__Provided material__:
┄┄┄┄┄┄┄┄┄┄
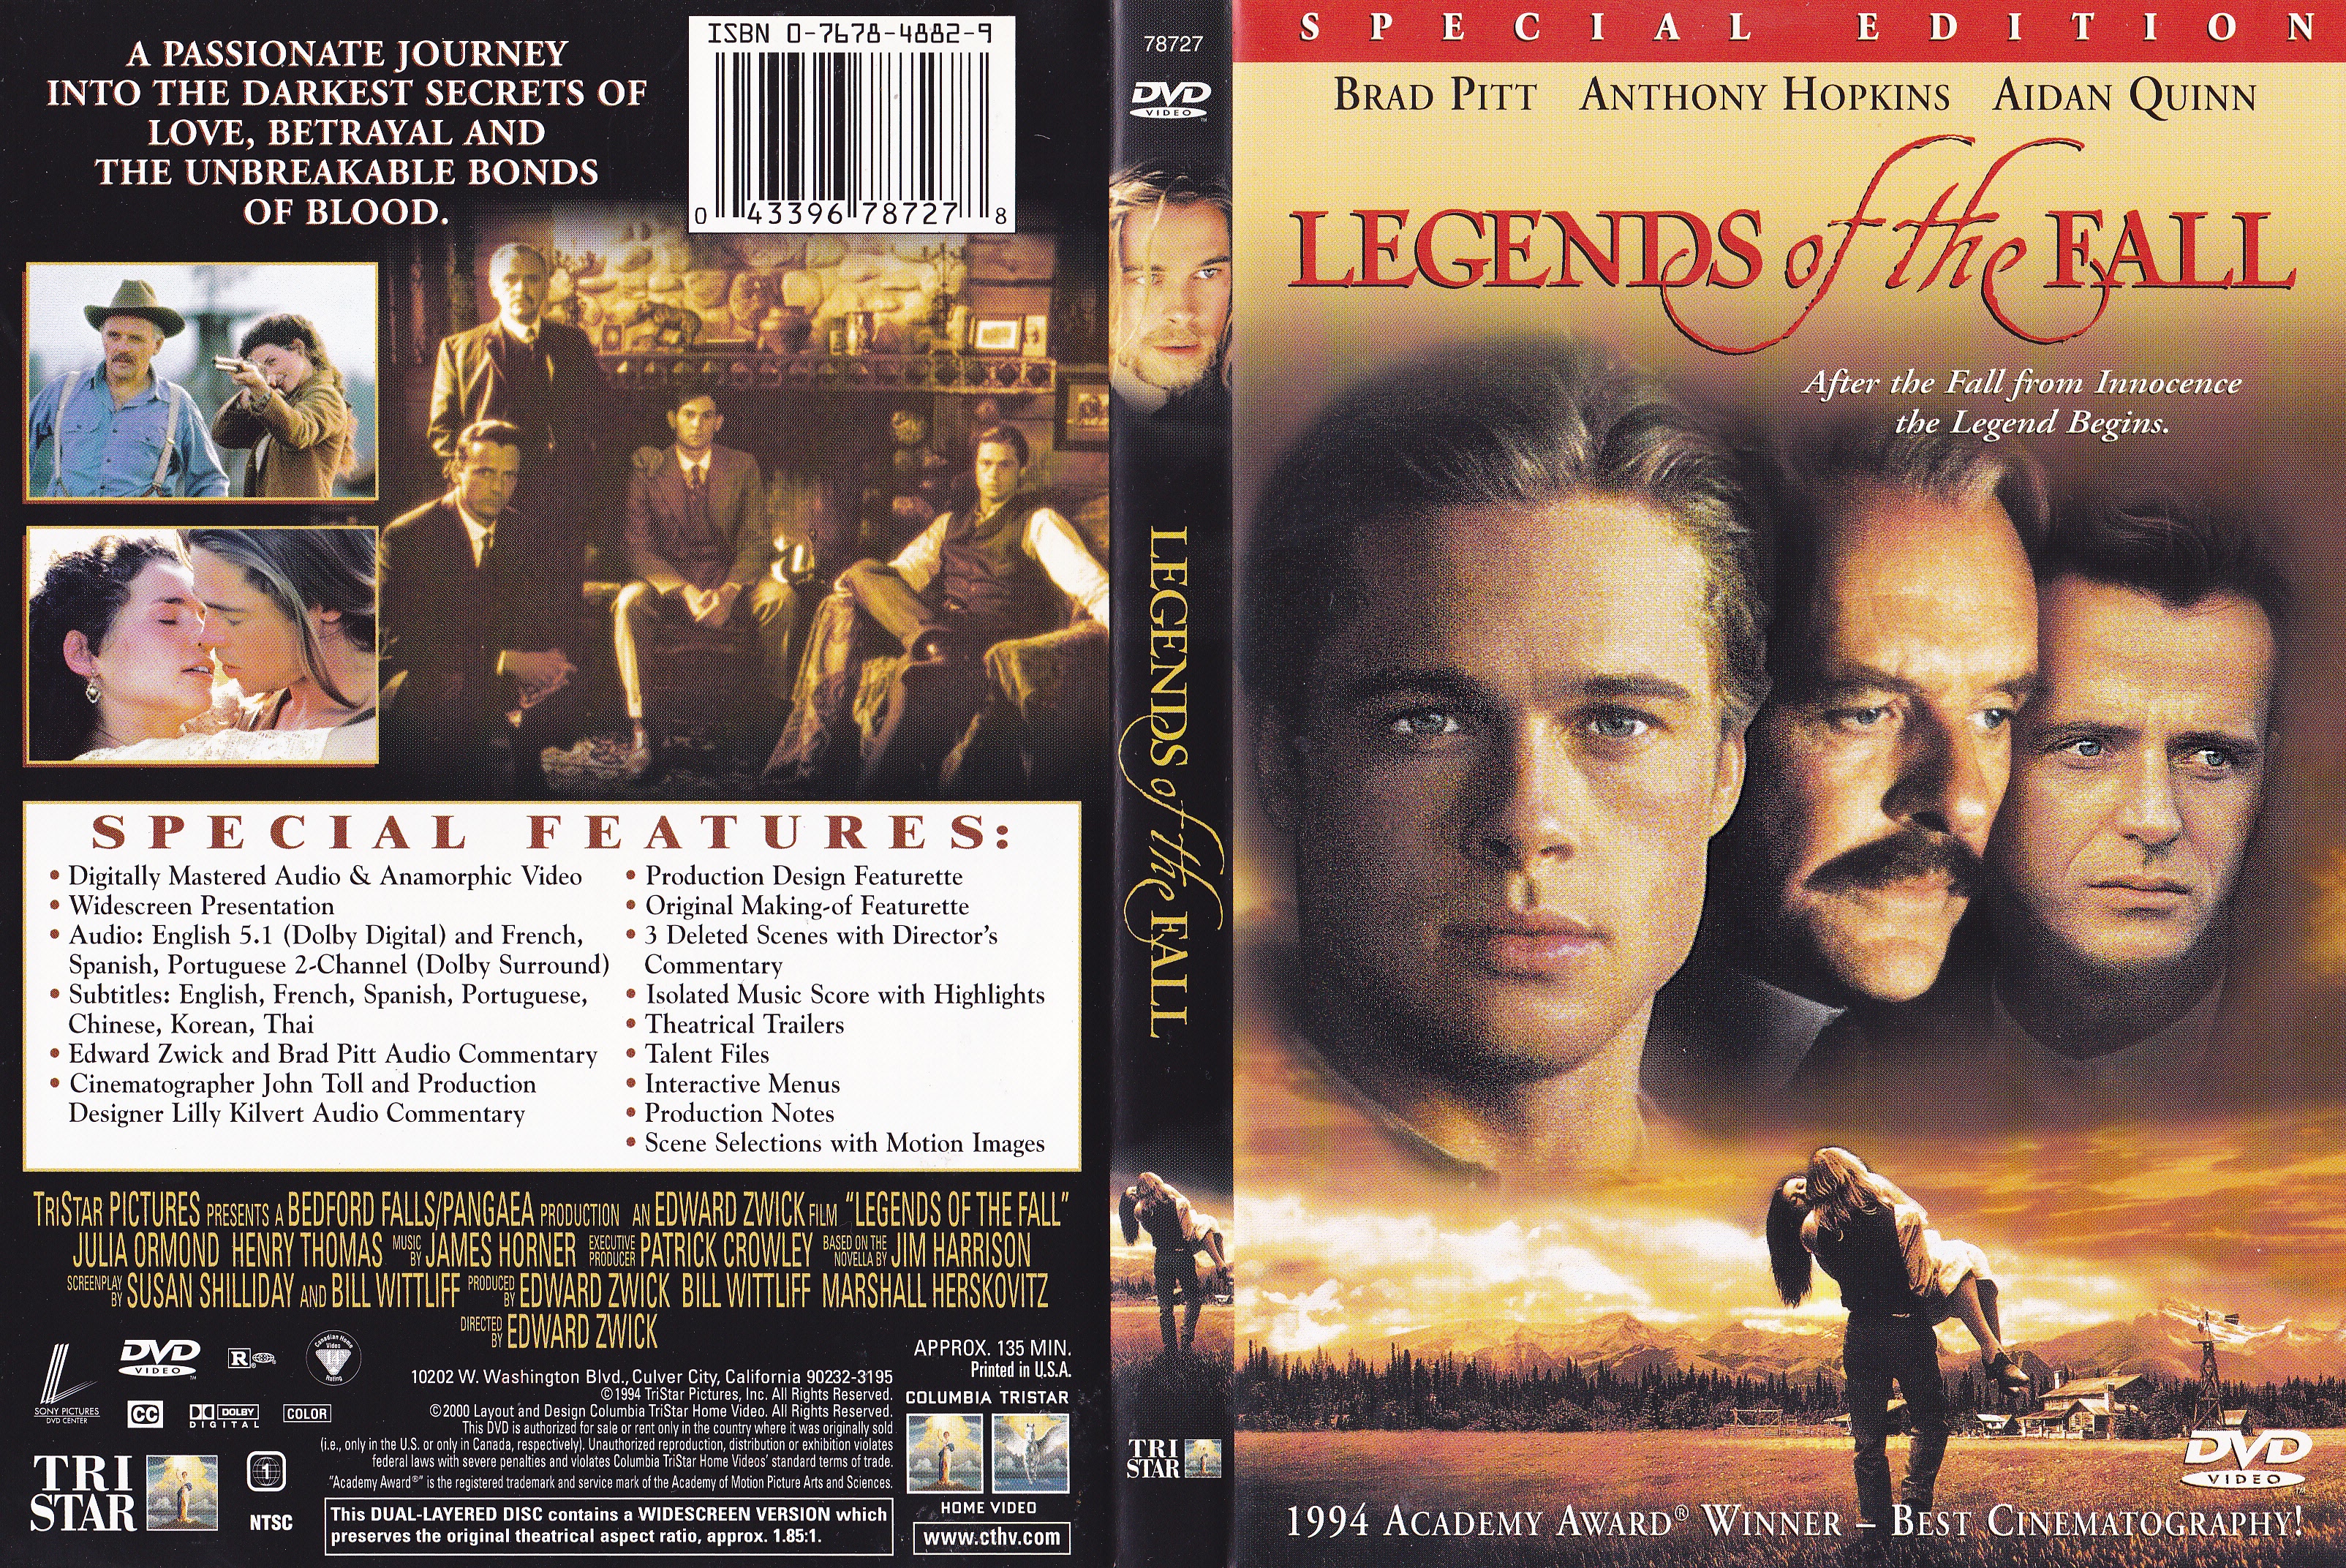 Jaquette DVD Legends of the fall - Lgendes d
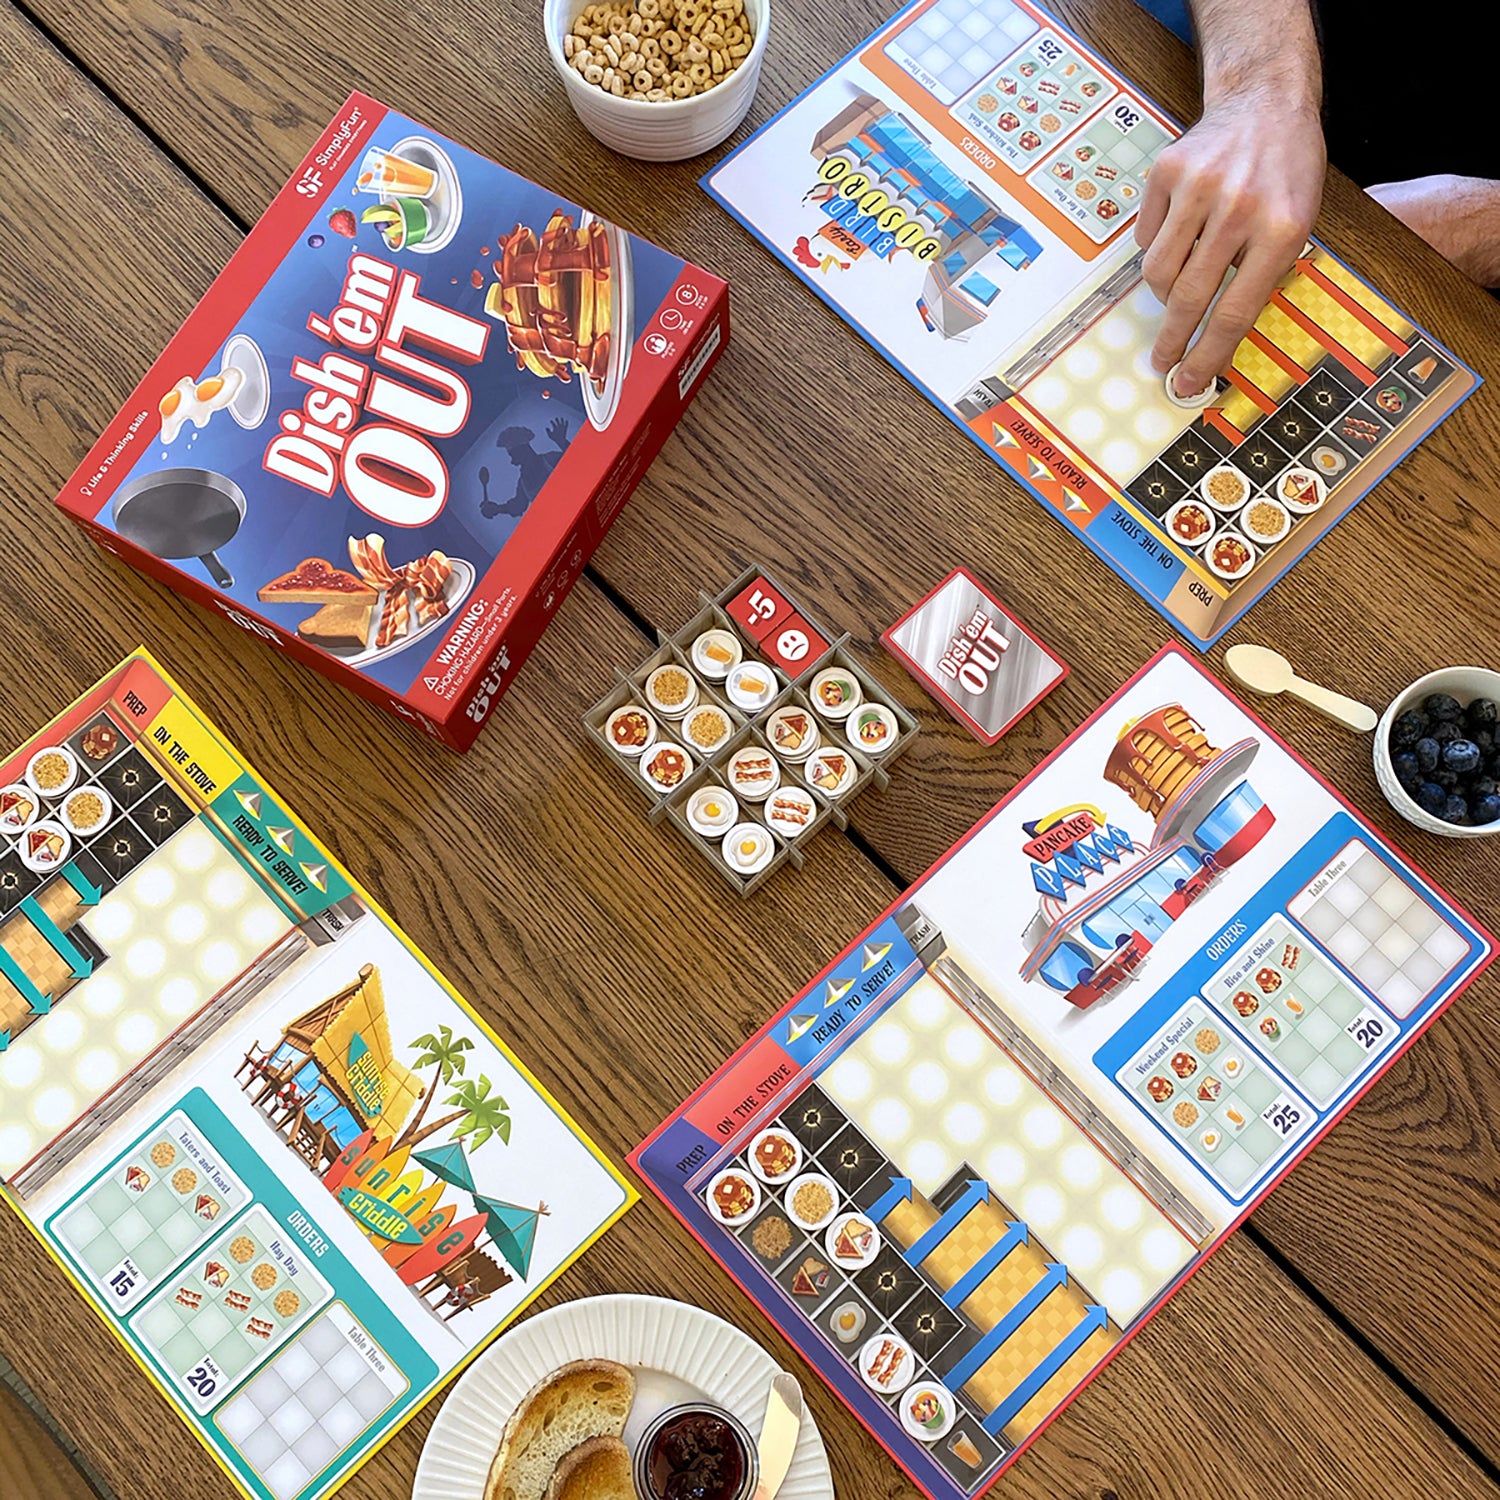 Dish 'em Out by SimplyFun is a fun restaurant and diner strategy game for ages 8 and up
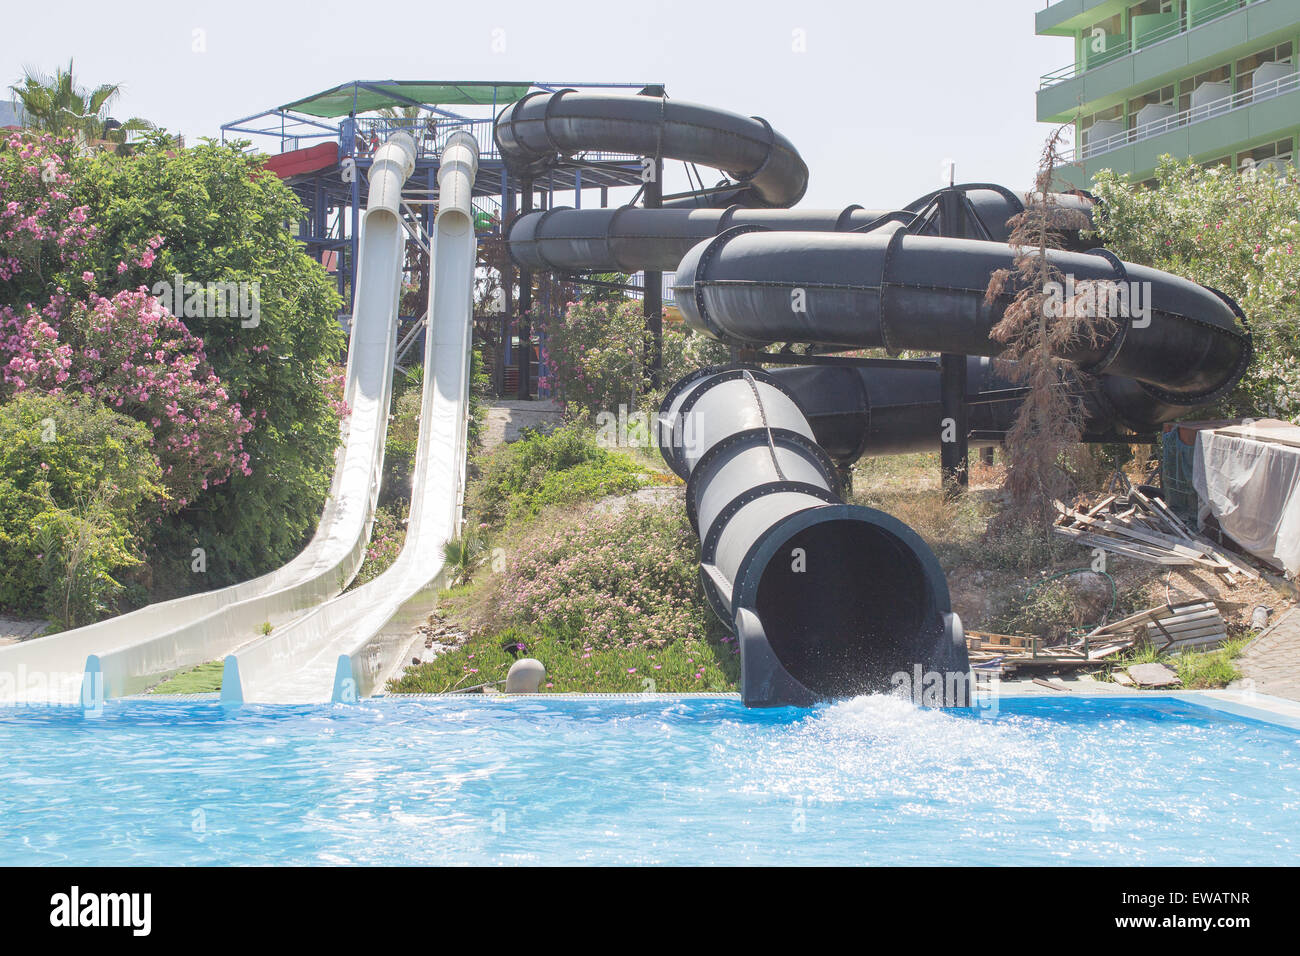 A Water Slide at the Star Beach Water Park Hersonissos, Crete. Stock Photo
┄┄┄┄┄┄┄┄┄┄
__What the task asks__:
Your answer must be an exact copy of the data above, minus its pictures.

__Written reply__:
 Jaquette DVD Legends of the fall - Lgendes d
 Dish 'em Out by SimplyFun is a fun restaurant and diner strategy game for ages 8 and up
 A Water Slide at the Star Beach Water Park Hersonissos, Crete. Stock Photo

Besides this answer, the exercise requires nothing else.